**Data section:**
* * * * *
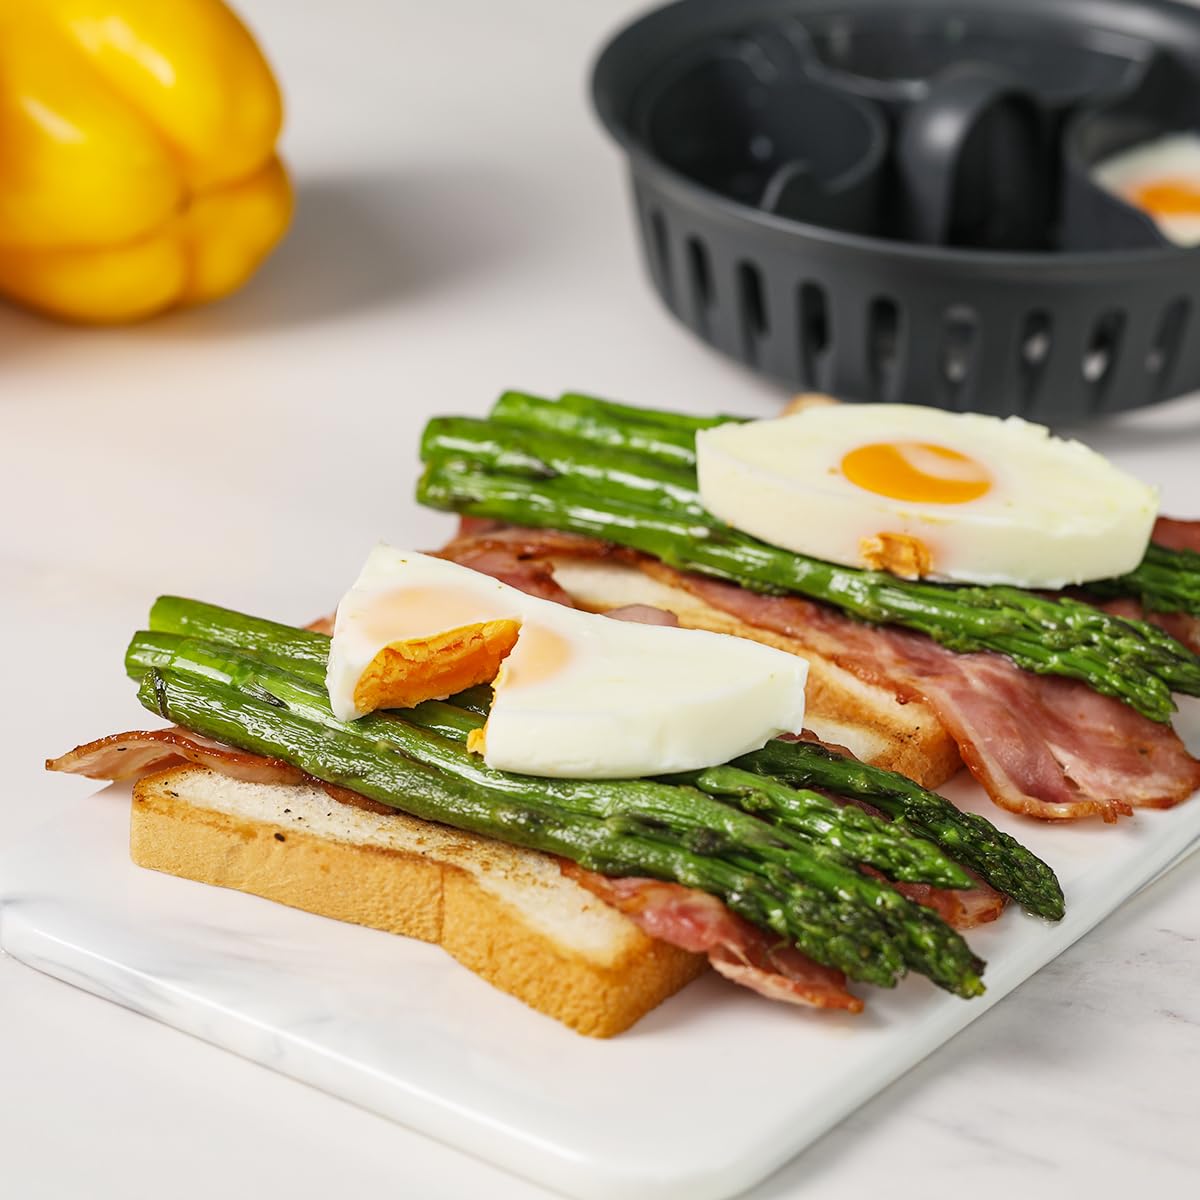 You can create your own special boiled eggs by adding various toppings such as vegetables, cheese and ham into the mold.
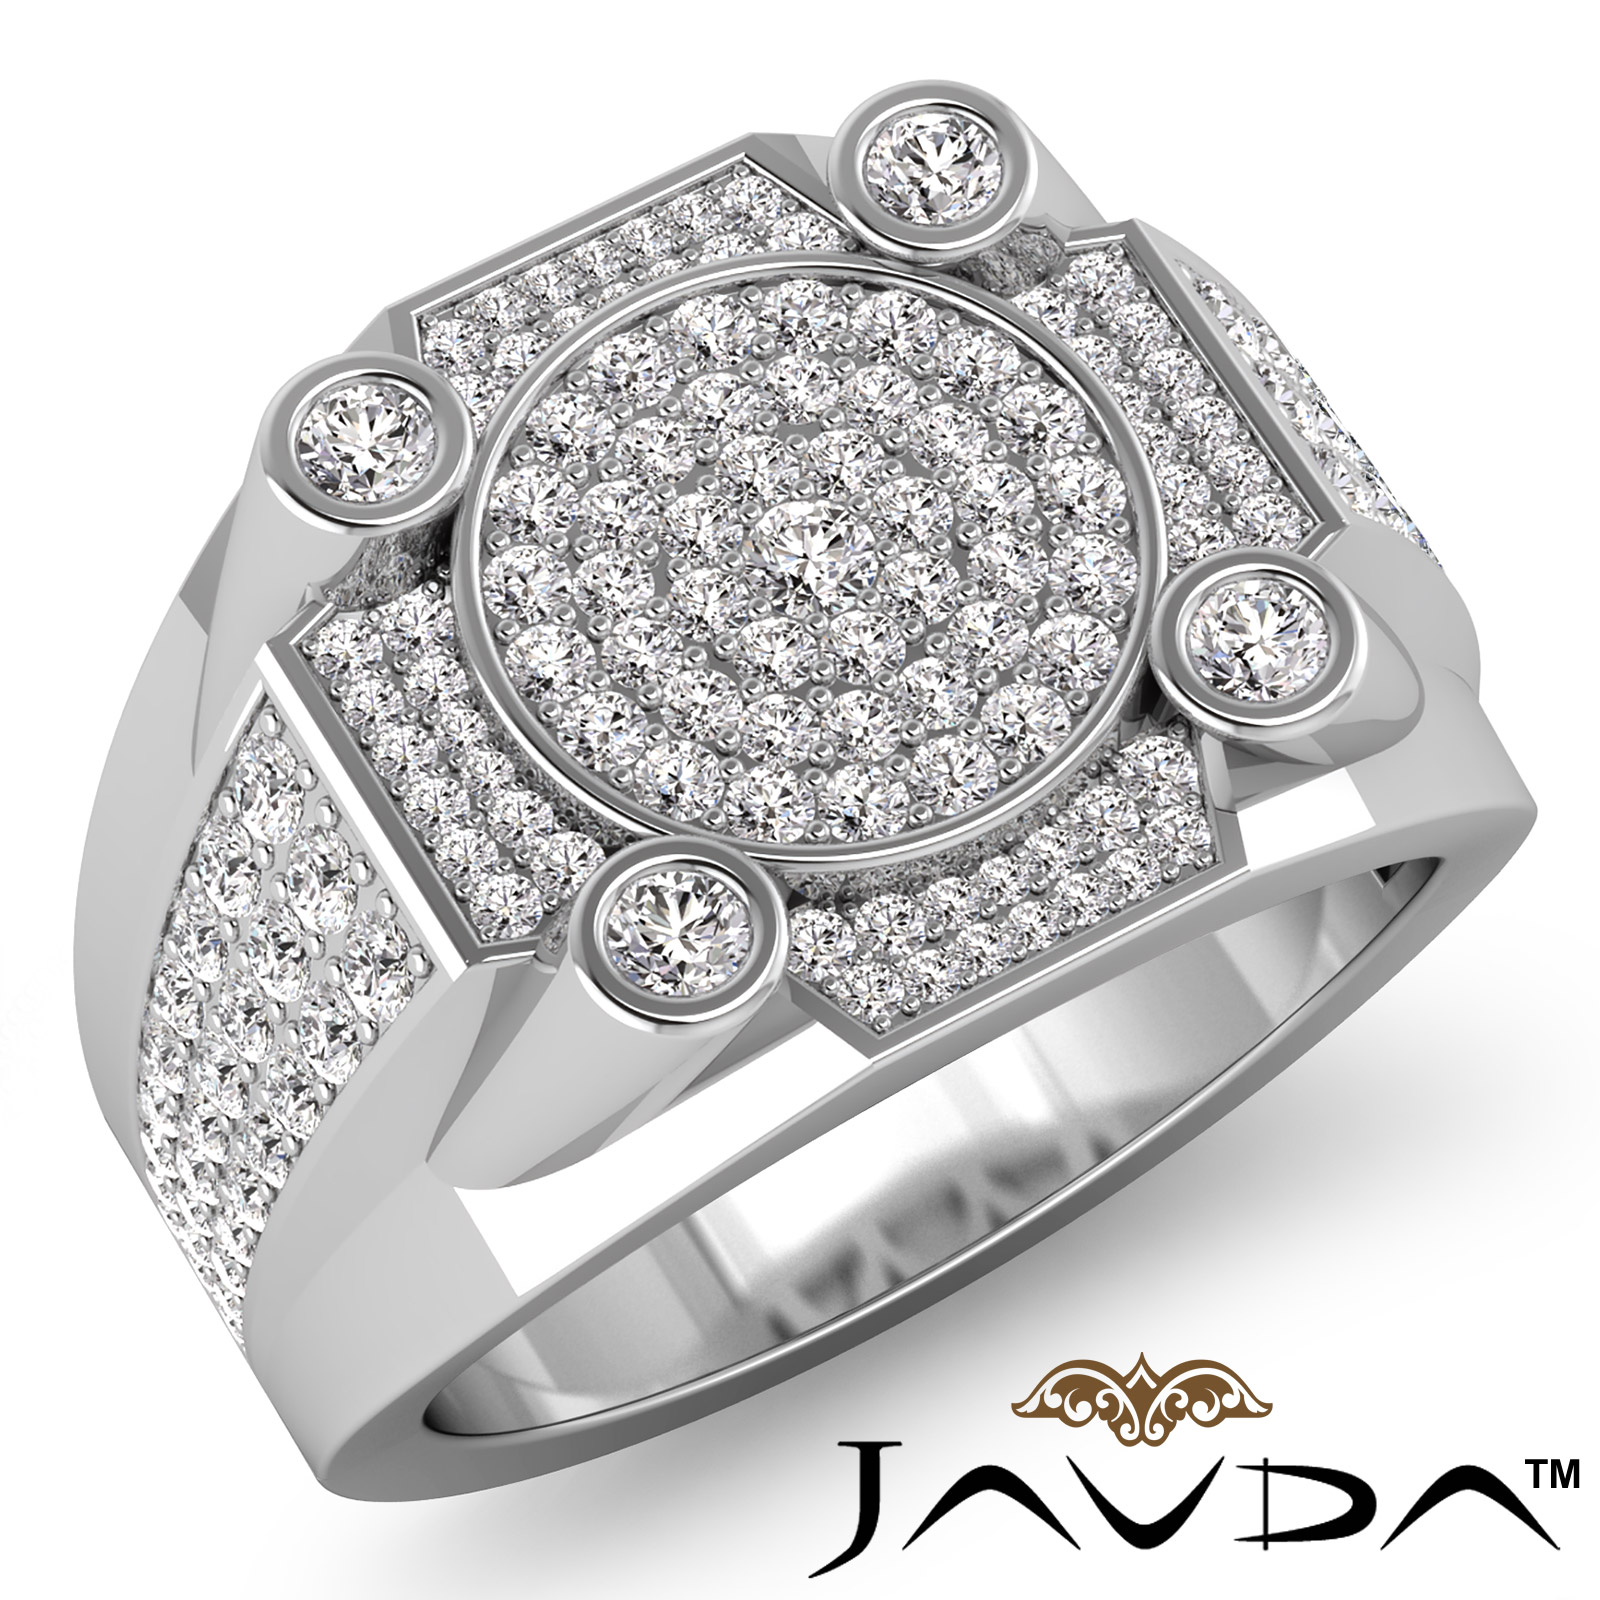 Men's 6ct Iced out Diamond Solitaire w Micro Pave setting Ring Solid 925  #2-02
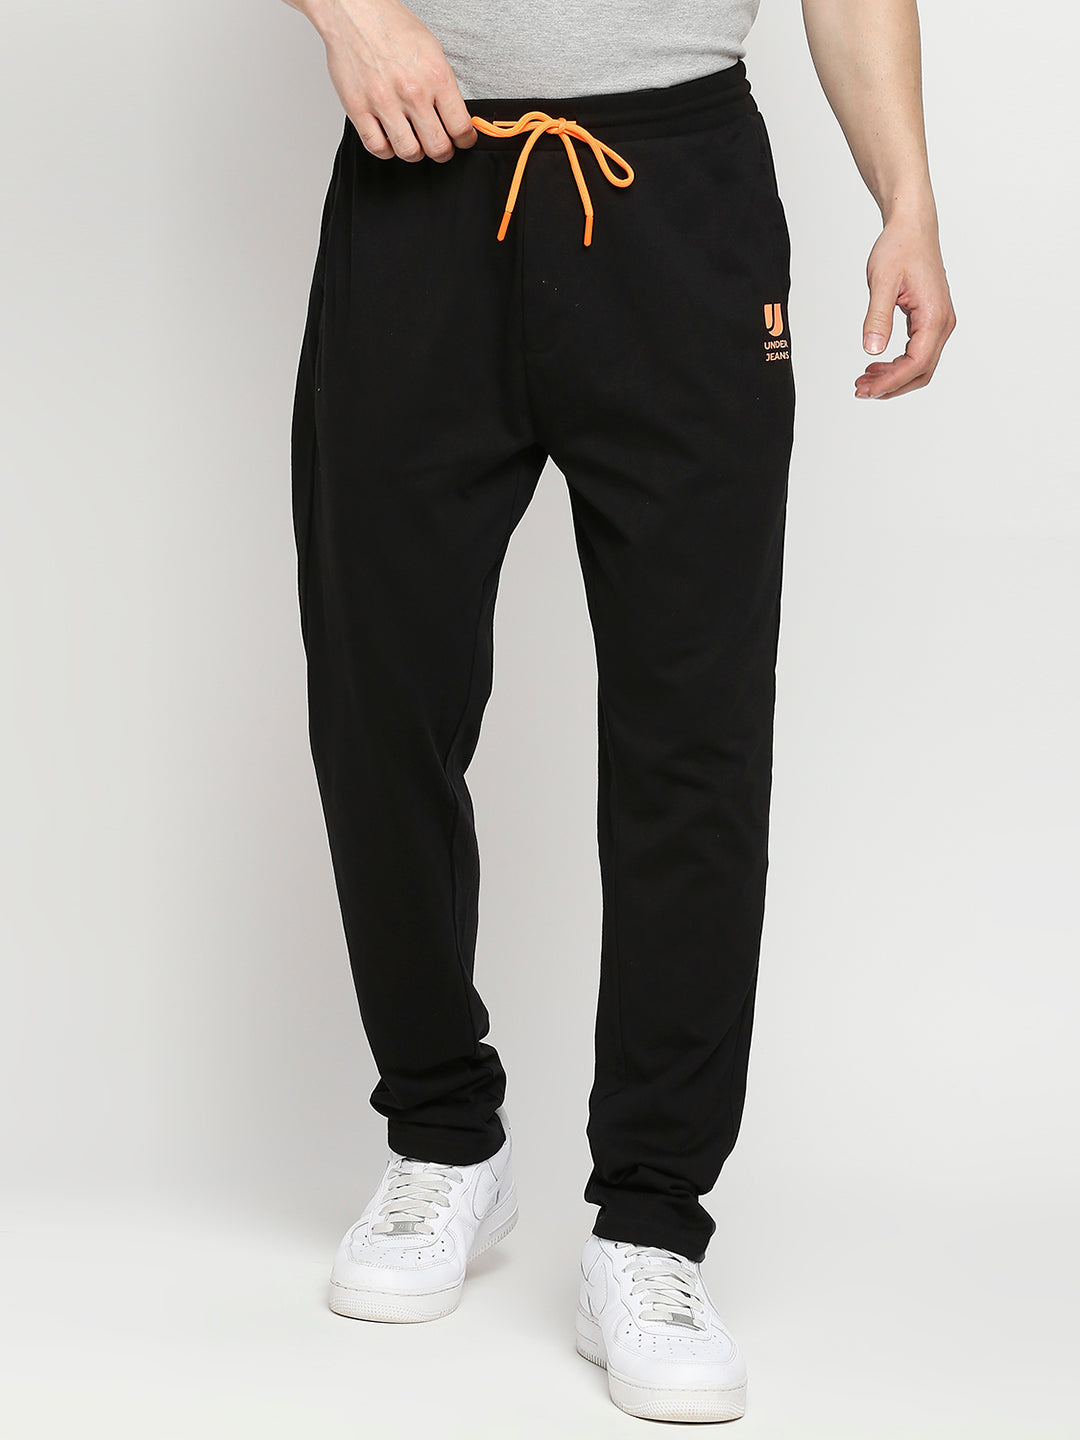 Men Cotton Blend Knitted Black Trackpant- Underjeans by Spykar
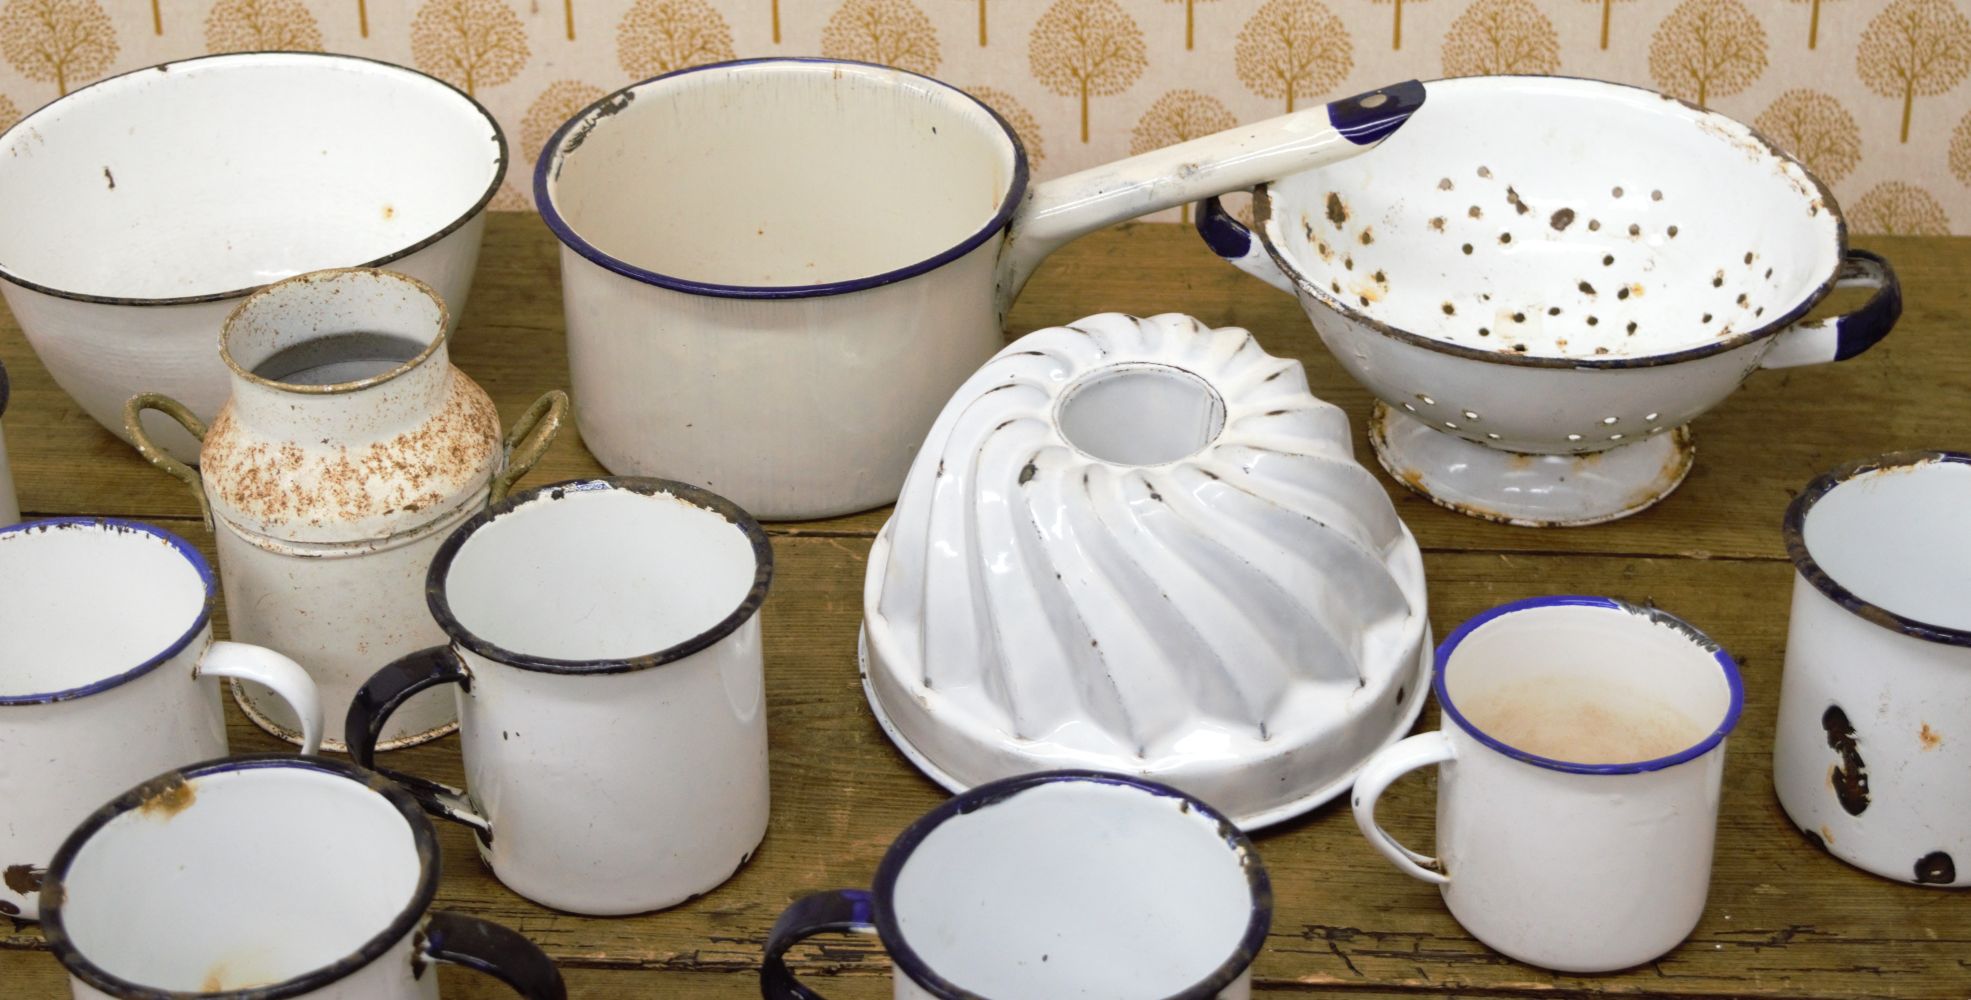 COLLECTION OF 19TH-CENTURY ENAMEL KITCHEN ITEMS - Image 2 of 2
* * * * *
**Task details:**
Exactly as written, set down the lines from the line holding "Men Cotton Blend" to the last line of the data, both ends included, pictures excluded.

**Your solution:**
 Men Cotton Blend Knitted Black Trackpant- Underjeans by Spykar
 COLLECTION OF 19TH-CENTURY ENAMEL KITCHEN ITEMS - Image 2 of 2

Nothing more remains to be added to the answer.